The following data has a line with "123Wonen uitgeroepen tot" and a line with "Evaluación de la". Write out exactly those lines and all the lines between them.
═════ Entries provided ═════
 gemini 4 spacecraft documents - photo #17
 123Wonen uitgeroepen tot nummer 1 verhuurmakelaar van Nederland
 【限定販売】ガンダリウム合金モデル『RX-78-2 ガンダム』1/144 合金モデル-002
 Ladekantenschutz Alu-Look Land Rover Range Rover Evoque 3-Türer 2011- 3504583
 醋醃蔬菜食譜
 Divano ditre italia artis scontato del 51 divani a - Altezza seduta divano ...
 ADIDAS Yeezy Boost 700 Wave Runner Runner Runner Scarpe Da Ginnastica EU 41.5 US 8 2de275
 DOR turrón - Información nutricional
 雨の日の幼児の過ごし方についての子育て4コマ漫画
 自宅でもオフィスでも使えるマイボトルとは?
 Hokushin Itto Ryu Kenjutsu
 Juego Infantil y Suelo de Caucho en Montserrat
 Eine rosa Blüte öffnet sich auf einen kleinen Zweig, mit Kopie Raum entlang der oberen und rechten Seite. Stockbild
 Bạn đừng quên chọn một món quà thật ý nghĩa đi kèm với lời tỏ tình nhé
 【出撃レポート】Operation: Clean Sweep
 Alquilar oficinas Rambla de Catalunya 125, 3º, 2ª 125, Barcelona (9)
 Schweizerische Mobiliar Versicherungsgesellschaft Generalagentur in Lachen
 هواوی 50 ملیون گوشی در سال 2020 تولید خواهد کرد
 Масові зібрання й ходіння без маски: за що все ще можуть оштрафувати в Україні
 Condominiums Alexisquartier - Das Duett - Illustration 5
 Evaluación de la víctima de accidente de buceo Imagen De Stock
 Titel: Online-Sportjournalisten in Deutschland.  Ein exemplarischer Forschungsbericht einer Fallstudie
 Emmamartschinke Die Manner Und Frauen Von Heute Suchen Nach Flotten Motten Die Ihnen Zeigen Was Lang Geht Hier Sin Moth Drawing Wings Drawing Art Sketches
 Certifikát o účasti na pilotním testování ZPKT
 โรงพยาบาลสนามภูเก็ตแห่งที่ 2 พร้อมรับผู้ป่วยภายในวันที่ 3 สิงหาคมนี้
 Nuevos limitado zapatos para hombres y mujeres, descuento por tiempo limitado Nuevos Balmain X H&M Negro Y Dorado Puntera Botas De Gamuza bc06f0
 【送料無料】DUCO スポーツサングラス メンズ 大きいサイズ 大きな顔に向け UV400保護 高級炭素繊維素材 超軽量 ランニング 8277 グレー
═════
* _Solution to this task_
 123Wonen uitgeroepen tot nummer 1 verhuurmakelaar van Nederland
 【限定販売】ガンダリウム合金モデル『RX-78-2 ガンダム』1/144 合金モデル-002
 Ladekantenschutz Alu-Look Land Rover Range Rover Evoque 3-Türer 2011- 3504583
 醋醃蔬菜食譜
 Divano ditre italia artis scontato del 51 divani a - Altezza seduta divano ...
 ADIDAS Yeezy Boost 700 Wave Runner Runner Runner Scarpe Da Ginnastica EU 41.5 US 8 2de275
 DOR turrón - Información nutricional
 雨の日の幼児の過ごし方についての子育て4コマ漫画
 自宅でもオフィスでも使えるマイボトルとは?
 Hokushin Itto Ryu Kenjutsu
 Juego Infantil y Suelo de Caucho en Montserrat
 Eine rosa Blüte öffnet sich auf einen kleinen Zweig, mit Kopie Raum entlang der oberen und rechten Seite. Stockbild
 Bạn đừng quên chọn một món quà thật ý nghĩa đi kèm với lời tỏ tình nhé
 【出撃レポート】Operation: Clean Sweep
 Alquilar oficinas Rambla de Catalunya 125, 3º, 2ª 125, Barcelona (9)
 Schweizerische Mobiliar Versicherungsgesellschaft Generalagentur in Lachen
 هواوی 50 ملیون گوشی در سال 2020 تولید خواهد کرد
 Масові зібрання й ходіння без маски: за що все ще можуть оштрафувати в Україні
 Condominiums Alexisquartier - Das Duett - Illustration 5
 Evaluación de la víctima de accidente de buceo Imagen De Stock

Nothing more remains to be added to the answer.